С тех пор как мы изучаем сексуальность зрелого индивида при помощи психоанализа и рассматриваем жизнь ребенка в свете приобретенных таким образом взглядов, сексуальность перестала отождествляться нами лишь с такими функциями, как пищеварение, дыхание, продолжение рода и так далее, а предстает как нечто намного более самостоятельное, скорее даже противопоставленное всем другим функциям индивида, и только из-за усложненного, щедрого на ограничения развития, вынужденное пойти на союз с индивидуальными стремлениями самосохранения. Теоретически вполне возможен случай, когда интересы сексуальных стремлений не совпадают со стремлениями индивидуального самосохранения, что, по-видимому, и проявляется образованием особой группы невротических заболеваний. Ибо последняя формулировка, которую психоанализ дает сущности неврозов, гласит: первичный конфликт, из которого происходят неврозы, существует между сексуальными влечениями и влечениями, сохраняющими Я. Неврозы соответствуют большей или меньшей частичной победе сексуальности над Я, после того, как Я не удалась попытка подавить сексуальность.

Мы считаем, что во время психоаналитической работы необходимо держаться подальше от биологической точки зрения и не принимать ее даже в эвристических целях, чтобы не заблуждаться в беспристрастной оценке предъявляемых нам психоаналитических фактов. Но после осуществленной психоаналитической работы мы должны найти согласование с биологией и можем удовлетвориться уже тем, что такое согласование обеспечено в каком-либо существенном пункте. Противоречия между влечениями Я и сексуальным влечением, которыми мы объясняем возникновение неврозов, распространяются и на биологическую область в виде противоречий между влечениями, служащими для сохранения индивида, и влечениями, направленными на сохранение вида.

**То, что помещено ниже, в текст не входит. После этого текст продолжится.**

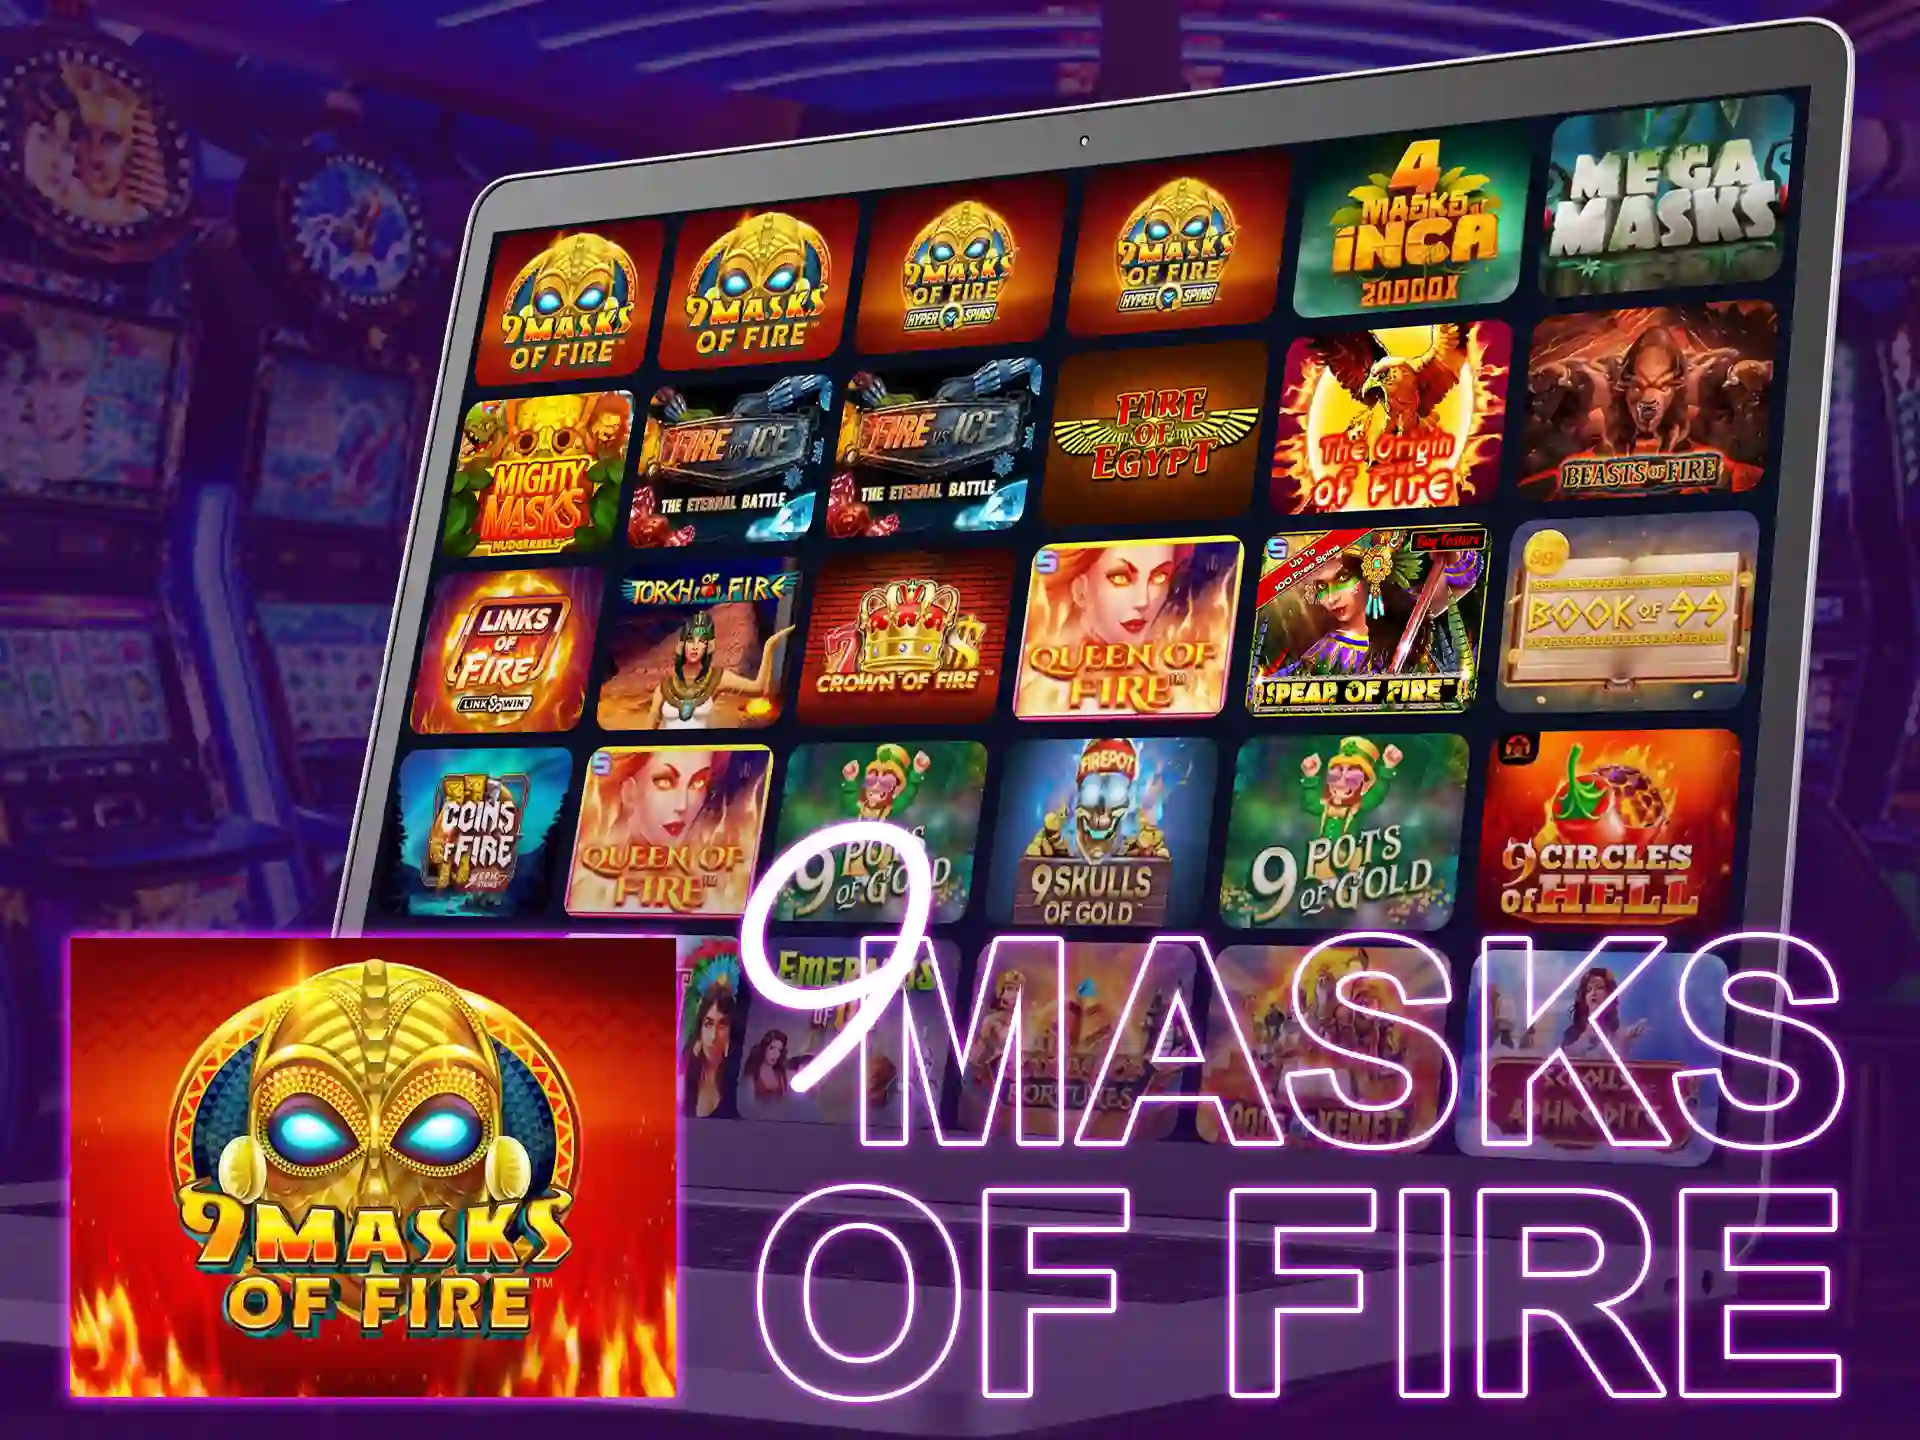 A world of unique traditions and rituals in the 9 Masks of Fire slot from Microgaming provider.

В биологии мы встречаем общее философское понятие о бессмертной зародышевой протоплазме, связующей отдельные тленные индивиды подобно генетической связи различных органов, произошедших из одной зародышевой клетки; только при помощи такого представления мы можем правильно понять роль сексуальных влечений в физиологии и психологии отдельного существа.

Несмотря на все усилия, предпринятые для того, чтобы не допустить господства биологических терминов и точек зрения в психоаналитической работе, мы не можем избежать использования их даже в описании изучаемых нами феноменов. Мы не можем уклониться от «влечения» как понятия, находящегося на стыке между психологическим и биологическим пониманием, и мы говорим о «мужских» и «женских» душевных качествах и стремлениях, хотя половые различия, строго говоря, не могут притязать ни на какую особую психическую характеристику. То, что мы называем в жизни мужским или женским, в психологическом рассуждении сводится к свойству активности и пассивности, то есть к качеству, задаваемому не самими влечениями, а их целями. В постоянном взаимодействии таких «активных» и «пассивных» влечений в душевной жизни отражается бисексуальность индивида, что составляет существенные клинические предпосылки психоанализа.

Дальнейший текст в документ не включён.